The Ending Of Netflix’s The Killer Explained

If viewers find it hard to relate to the Killer’s plight, or even his happily ever after, well, that’s kind of the point. “Sympathy was the last thing on my mind as it relates to this character,” Fincher said at the Venice International Film Festival (via Variety), adding that the main character “didn’t need to be frightening.” The three-time Oscar nominee went on to reveal how he wanted people to feel when the credits were rolling: “My hope is that someone will see this film and get very nervous about the person behind them in line at Home Depot.”

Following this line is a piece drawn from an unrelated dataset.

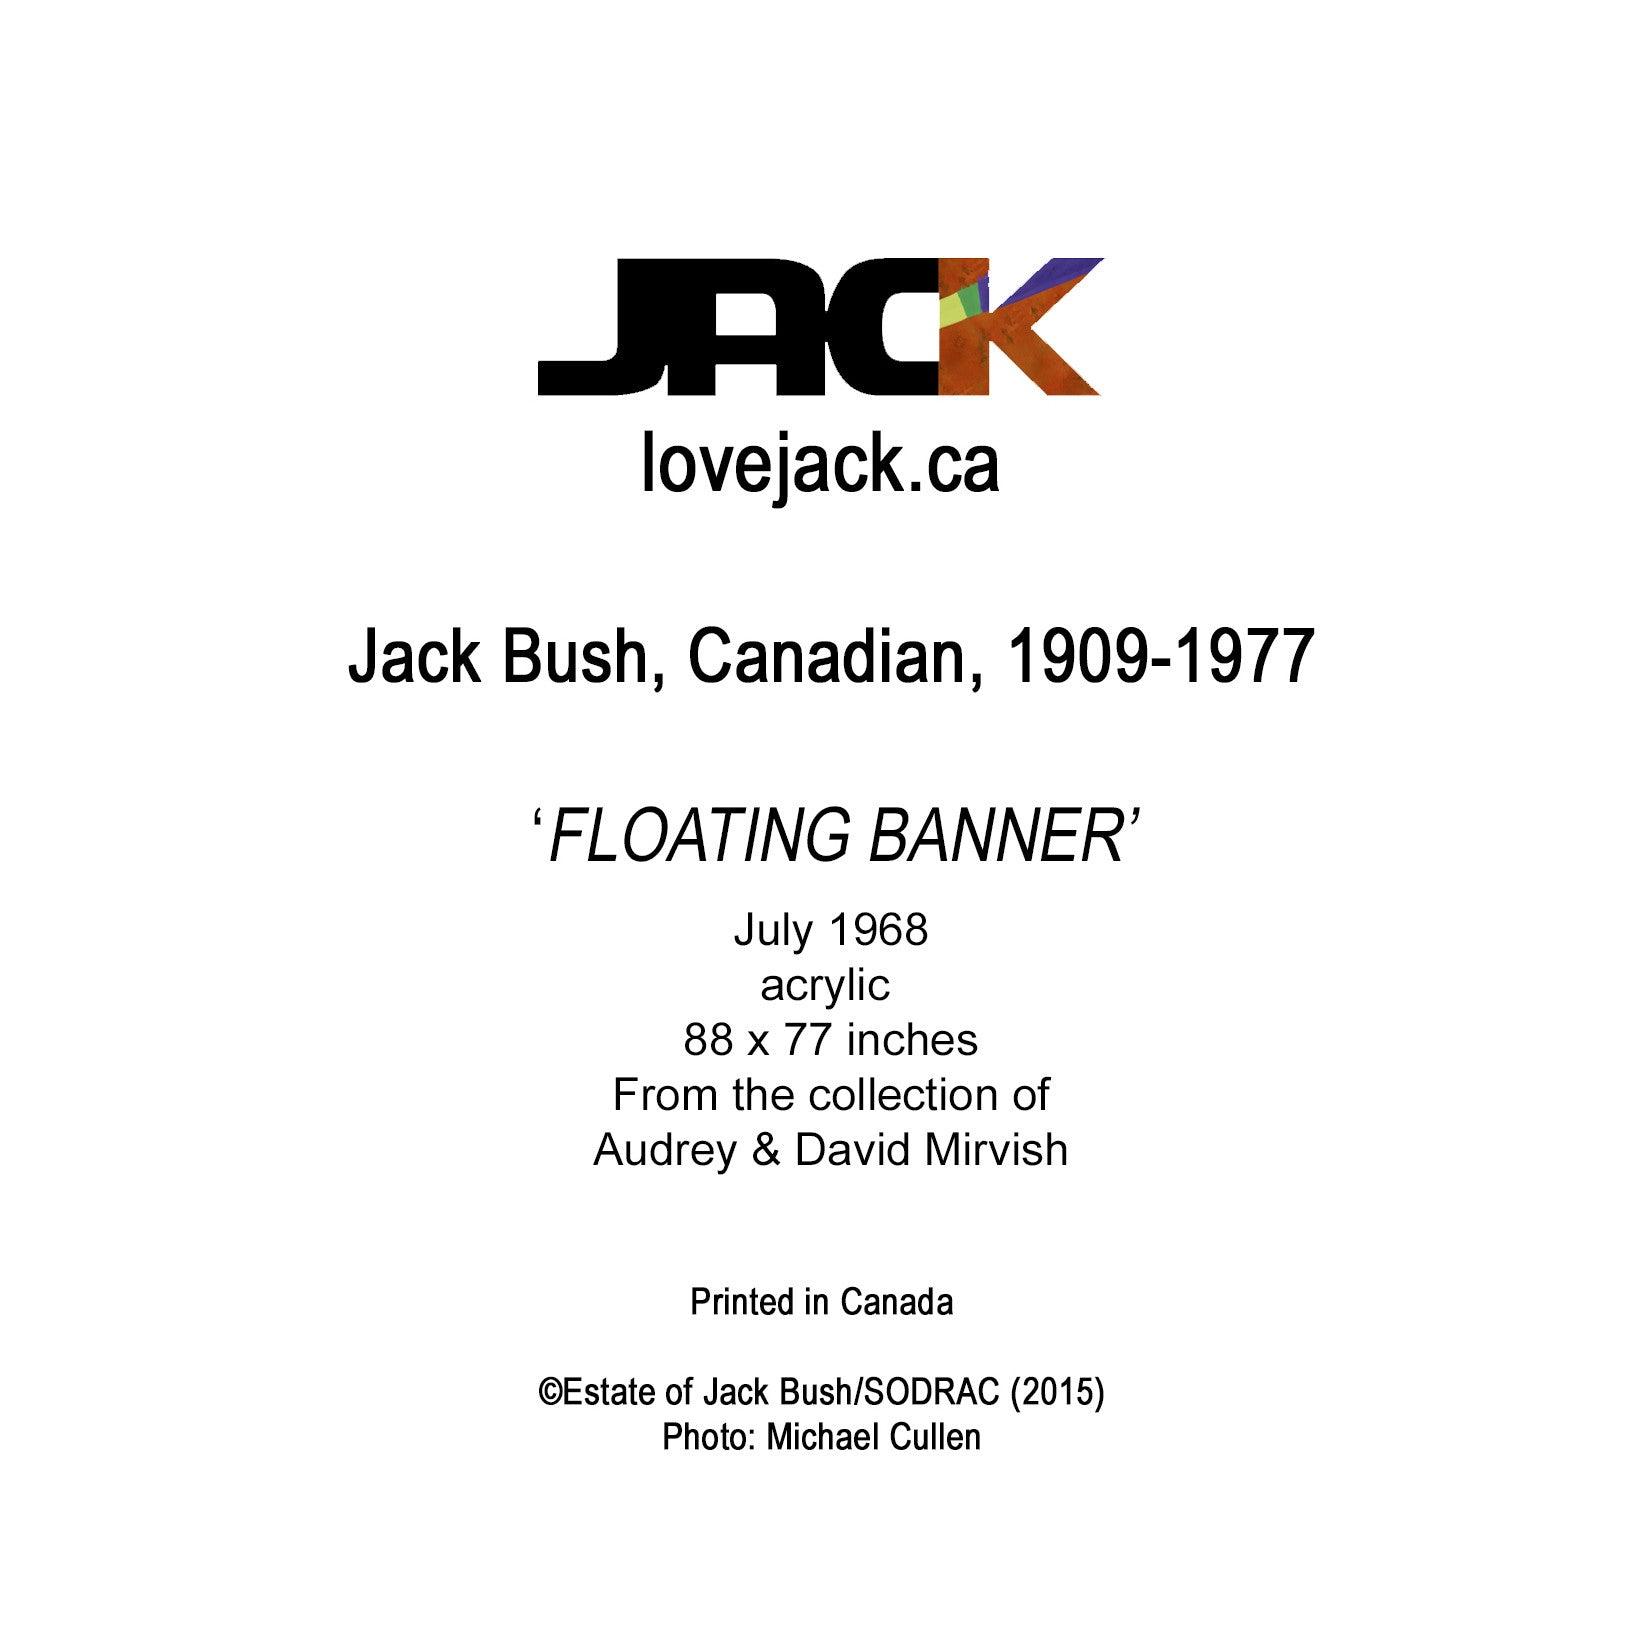 Floating Banner - JACK

Fincher is infamous for his attention to detail, meticulous approach, and commitment to capturing the full scope of his vision. “Seven” scribe Andrew Kevin Walker is also the screenwriter behind “The Killer,” and you could argue that the Killer’s inner monologuing pokes fun at Fincher’s directorial persona. If this is the case, does that mean the ending of “The Killer” tells us that the filmmaker is ready to slow down in his professional life, too? That’s not likely. “I can’t really work another way,” Fincher told The Guardian. “I just feel like time in front of the camera with the actors is what we’re here to do. Everything else is nonsense.”

Speaking to Radio Times, cinematographer Erik Messerschmidt revealed that Fincher enlightened him when he asked what “The Killer” was really trying to say. “I needed some clarification from him,” Messerschmidt said. “You know, is this about sociopathy? Is it meant to be really exciting? What are we…? And he said, ‘Don’t look for the theme. The film is about process, about process and procedure.'” The Killer is still the same methodical man by the end of the movie, he’s just channeling that energy elsewhere.